When it comes to investing in the generic drug market, investors should consider the following advantages. First, generic drugs aren't developed, meaning these types of drugs are manufactured, not created through extensive lab testing and experimentation. This not only lowers manufacturing costs, but also reduces the time it takes for drugs to go from the production line to pharmacy shelves. Manufacturers must use the same materials as brand name drugs to make generics. Once a pharmaceutical company's patent has expired, a brand name drug may be replicated by other manufacturers. This not only reduces overall cost, but also allows manufacturers to continually expand product lines, which increases a company's overall value.
Second, generic drugs don't undergo the same rigorous testing and clinical trials that brand name counterparts do by generic drug manufacturers. This means generic drugs are typically available for public use in less time, barring any patent infringement or other types of lawsuits.
And while the FDA approval process is similar for generic drugs as it is for brand name drugs, manufacturers of generic drugs do not have to seek patent approval, which can take 12 months or more depending on the complexity of the drug. Generic drug manufacturers must show that their version is the same as the brand name version, meaning it contains the same active ingredients, dosage strength, and dosage form (liquid, tablet, etc.). The package labeling must also be similar.
A third advantage from an investment standpoint is that most generic drugs perform just as well or better than brand names, especially if the brand name drug was popular with patients and medical professionals.
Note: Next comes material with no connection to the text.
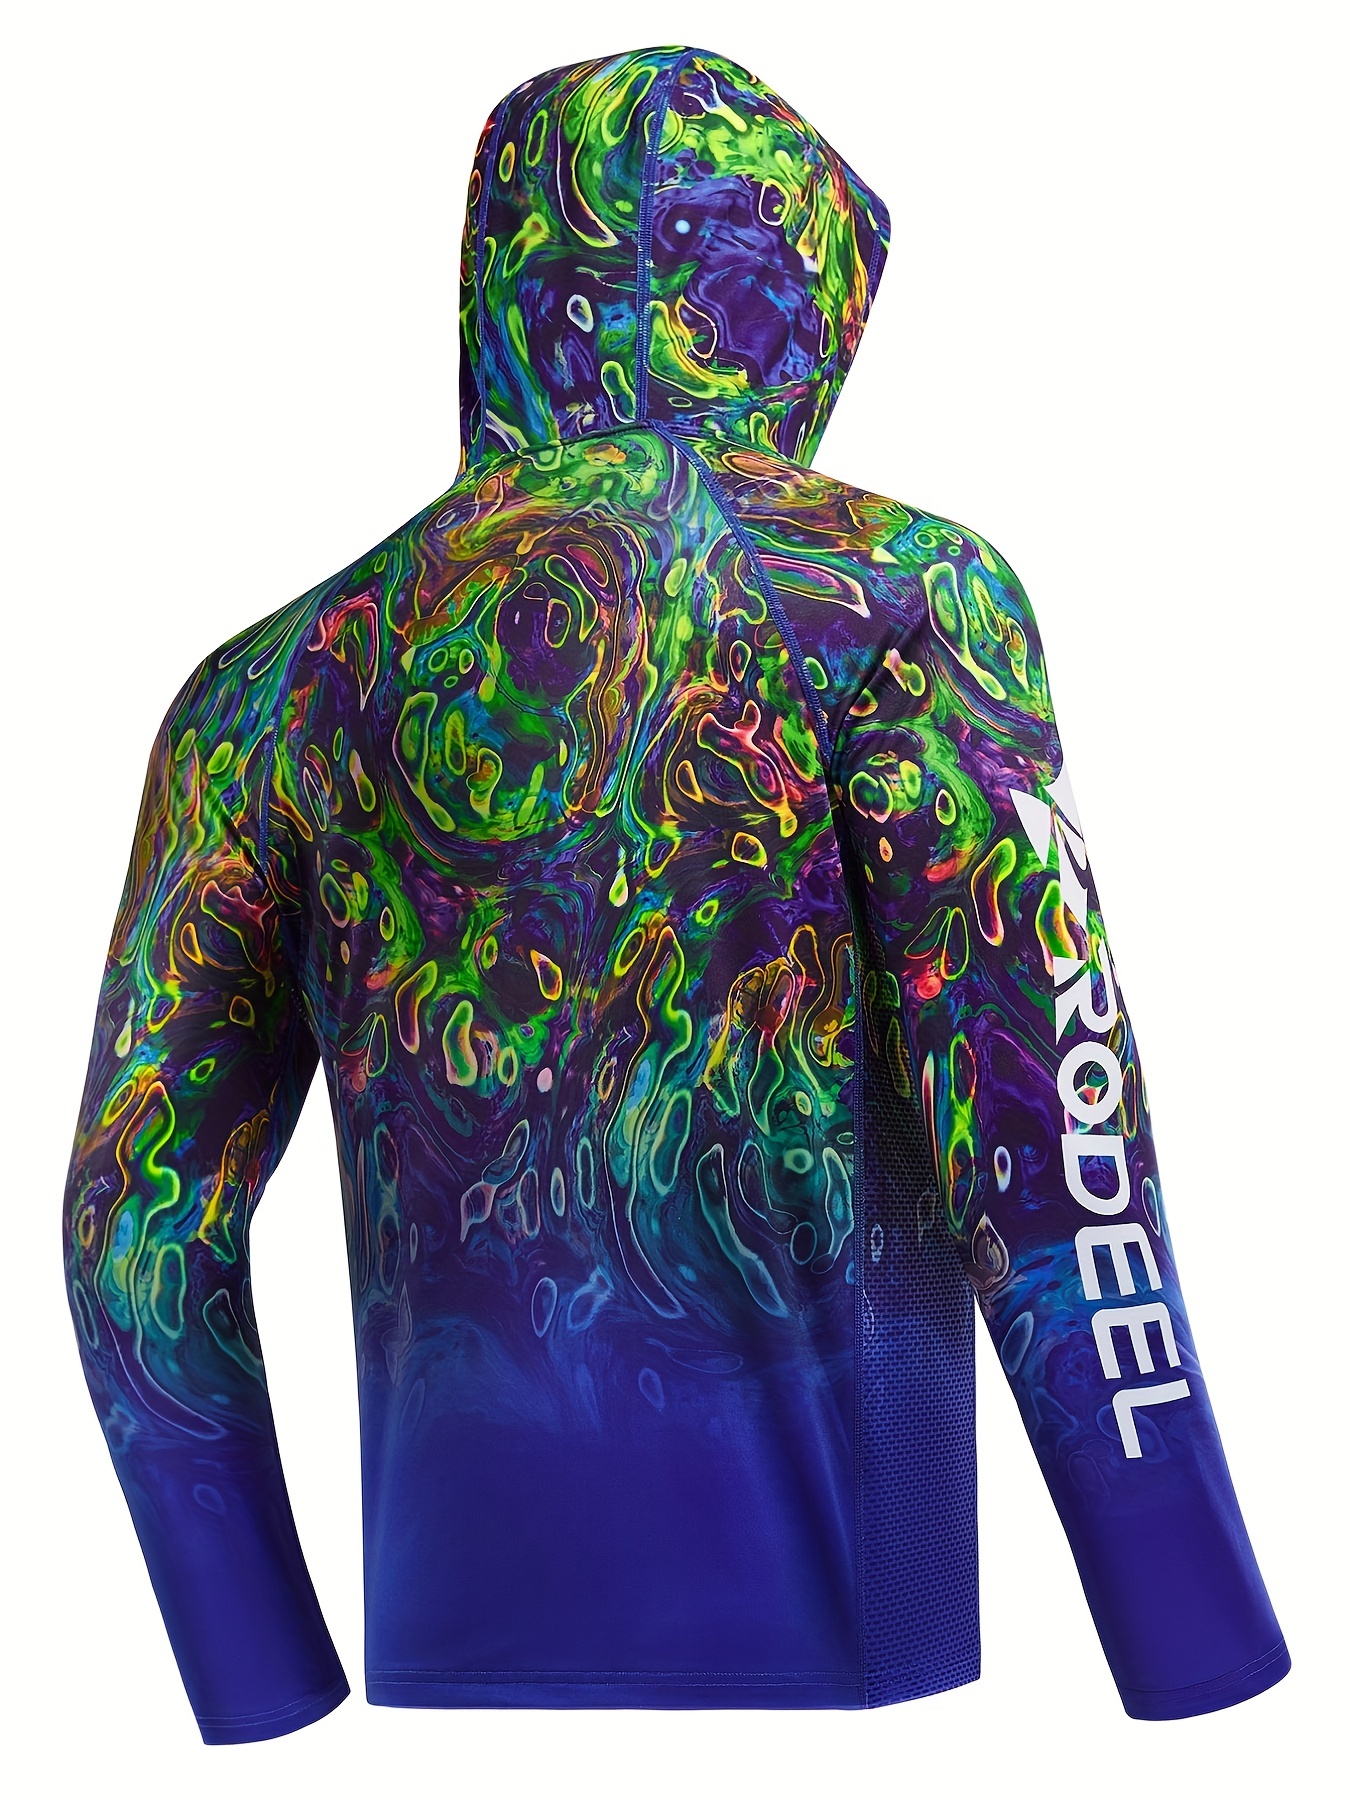 Redfish, Trout, Flounder Scale Custom UV Protection Fishing Shirt, Fish Hook Design Jerseys IPHW5068 Kid Long Sleeves UPF / 2XL

For the long term investor, generic drugs can become a profitable anchor in a stock portfolio.
To further this point, The Generic Pharmaceutical Association (GPhA) released a report at the end of 2011 that highlights the savings potential of generic drugs for patients, health insurance companies and other medical professionals. The GPhA commissioned IMS Health and the IMS Institute for Health Care Informatics to conduct a study that showcased 10 years of cost-savings (2001-2010) to those using generic drugs over brand name counterparts. The study shows, for example, that in 2010, $158 billion was saved in health costs simply by switching to generic drugs.
For investors, the generic drug market will continue to grow, especially as the health care system continues to look for new ways to cut costs while providing quality care to patients. Though generic drugs are not the most exciting or thrilling market to invest in, when it comes to reliability and stability, this market continues to perform.
The need for generic drugs is what will ultimately drive the market and help it remain profitable for a prolonged period of time. This need by patients that cannot afford brand name drugs and the need by the health care industry in general to cut costs and help patients are two very powerful reasons why investing in pharmaceutical companies that manufacture generic drugs is a great idea for long term investment returns and security.
Disclosure: I have no positions in any stocks mentioned, and no plans to initiate any positions within the next 72 hours.